What Makes Me Come Alive?
by Rachel Hecker
I’m a list person. I can’t function without them. If you look around my house, you’ll find little pieces of paper on random surfaces with everything from grocery lists to reminders to pump milk. In fact, somewhere there’s probably a reminder to clean up all these lists. I used to view my life as a to-do list of reminders that made up my day. That is, until I found what makes me come alive.
Certain things don’t make my to-do list because they happen so frequently I don’t need reminders, such as laundry, dishes and meal making. But my life became the sum of these lists. Even the fun things like going ice-skating as a family was assigned and checked off. Yet there was little joy for me in these fun activities I had planned. Spontaneous joy wasn’t ever on my lists. And how could it be? With endless cleaning and tantrums, dirty diapers, sleepless nights and a pleasant, but not particularly passionate, marriage. How was I supposed to inject excitement and joy just for me?
I needed to find out what would bring me some excitement and joy. Last Easter before my daughter began her Easter egg hunt, she literally shook with joy. She was so excited that she could not contain herself. I wanted some of that joy. So naturally, I made a list, a list of everything in life that brought me incredible happiness. When I started this list, my thoughts went straight to my family. What makes me happy is my family. But, I wanted to go beyond that and let go of the guilt that lingered when I did. As a woman, what were some things that could make me come alive?

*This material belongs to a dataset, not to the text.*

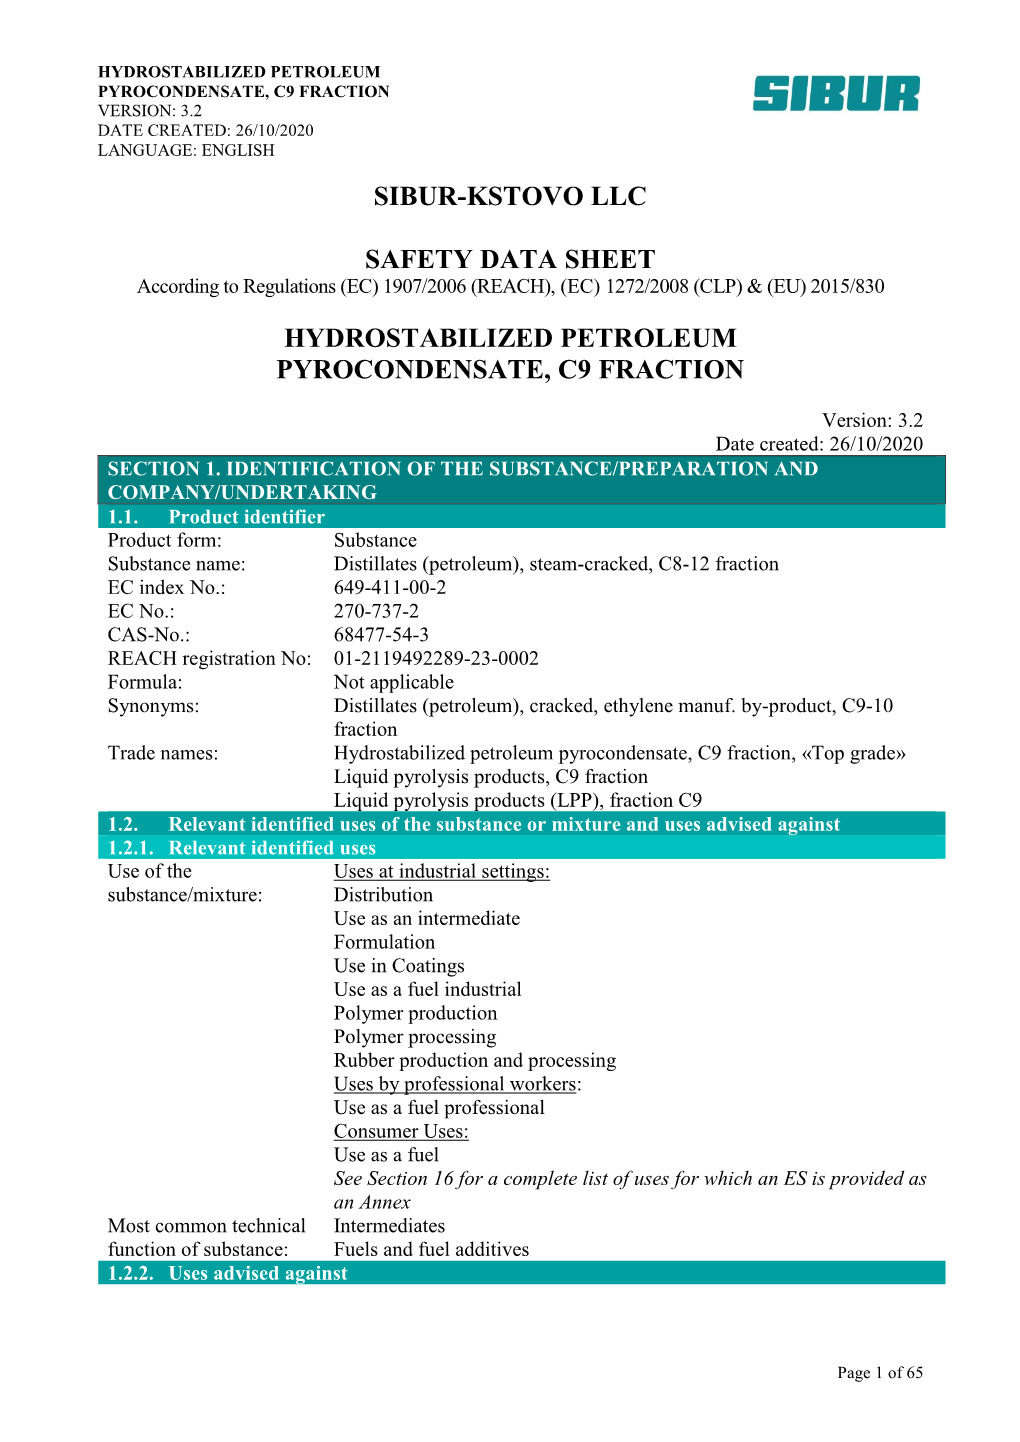 Sibur-Kstovo Llc Safety Data Sheet

It was difficult to come up with ideas at first, but the more I wrote, the easier it became. Here’s a sampling of what I jotted down:
- Adult get-togethers that do not center on parent talk, but rather on discussions about art, books, spirituality or travel.
- A great date night – not dinner out where we inevitably talk about kids or finances or home improvements.
- An amazingly good dessert (scale be darned)
- Creating something with my hands for someone outside of the family.
- Finding an outlet for artistic expression.
For me, the realization was that adult joy must be cultivated and even nurtured. The woman that is hidden behind the mom and the wife needs coaxing and encouragement to come out.
I know I desperately need to be energized by my joy findings, so I can give the endless resources my children demand of me. When I am emotionally and spiritually fulfilled, I can pour that joy back into them. If I am depleted, there’s obviously nothing left for me to give, and I find myself getting lost in my to-do list.
Rachel Hecker lives in Denver, Colorado, with her husband and two children.